Research on cancer agent activity currently requires patients to undergo numerous invasive biopsies to generate enough cells required for testing.  Dr. Fan and colleagues developed the nano-immunoassay (NIA), a highly sensitive test that can make nanoscale protein measurements in cells from invasive blood draws or fine needle aspirates.

NIA was studied in several clinical trial settings by Dr. Fan and her team of researchers.  Diagnostic testing results showed that protein profiles in the RAS and MAP kinase pathways could help distinguish tumor cells from normal cells, and later be used to group different types of tumors. 

Proteins in cells from patients with lymphoma or yelodysplastic syndrome were analyzed by researchers.  According to Fan, two novel treatments for these diseases had a measureable effect on protein activity in tumor cells.
The team then used NIA in conjunction with flow cytometry to determine a drug's differential effects in tumor cells vs. normal cells within each patient.

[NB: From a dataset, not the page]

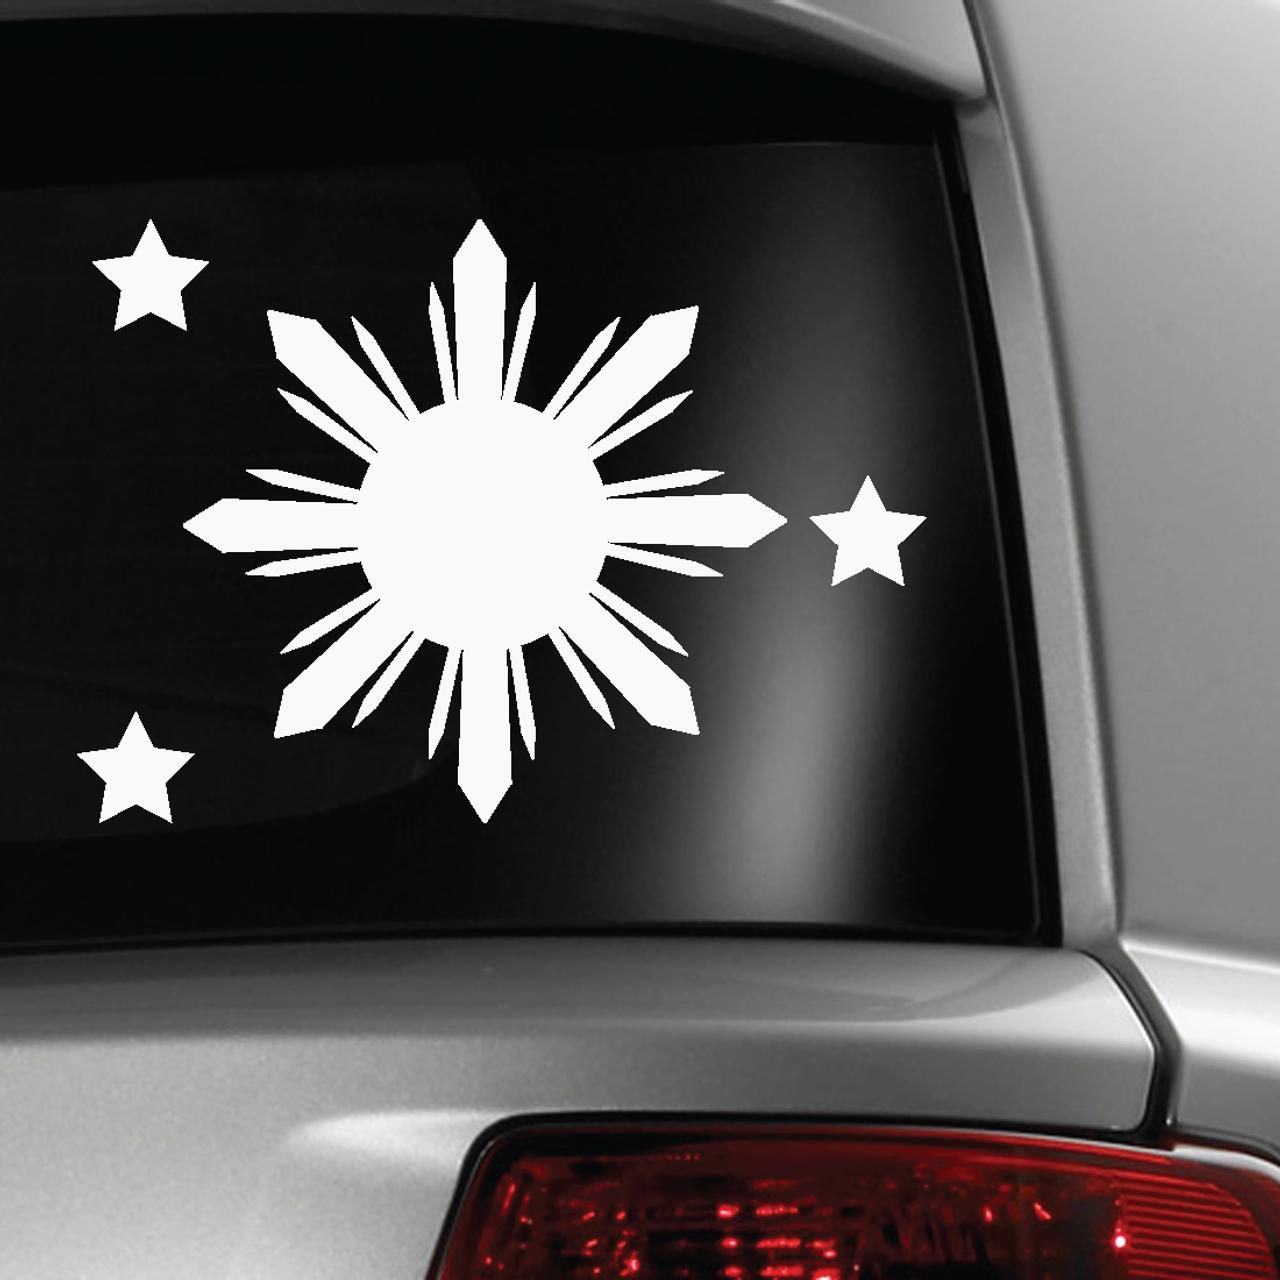 Car sticker design philippines - Philippine Flag Symbol Sticker Decal

"These results have immediate application because they can identify which drugs actually hit protein targets in patient cells," Dr. Fan added.
Nanoscale approaches may eventually affect all stages of cancer care.
"The ability to make meaningful protein measurements using minute quantities of tissue will allow for earlier discovery of tumors, characterization of small amounts of residual disease and detection of recurrence," Fan concluded.

NIA could be predominantly beneficial in studying rare cell populations such as circulating tumor cells and cancer stem cells.

Tumor Cells May Provide Information on a Patient’s Disease

Circulating tumor cells may create a new alternative and non-invasive source for biomarker assessment a new study shows.

According to the National Cancer Institute, the major cause of mortality in patients with cancer is caused by tumor cells that escape from the primary tumor into the bloodstream and travel through the circulation to distant sites where they develop into secondary tumors. These are called circulating tumor cells or CTC, and they provide a link between the primary tumor and metastatic sites.

“The basic idea is that CTCs can provide real time information about a patient’s current disease state, acting as a “liquid biopsy,” Siminder Kaur Atway, PhD, senior research associate at Genentech was quoted saying. “ They are much less invasive than tumor biopsies because they can be detected from a blood draw and don’t require surgical intervention.”

Researchers at Genentech compared the CTC capture efficiency of the drug CellSearch with two biochip platforms using tumor cell lines spiked into whole blood. They tried to detect EGFR protein in patients with lung cancer and HER2 in patients with metastatic breast cancer.

Results showed that in some cases, CTC might offer a real time view of a patient's biomarker status that is different from diagnostic tissue. Researchers say some improvements are necessary before the technology can be generally useful in clinical biomarkers and future studies will look for other biomarkers in CTCs to determine if they represent a patient's tumor.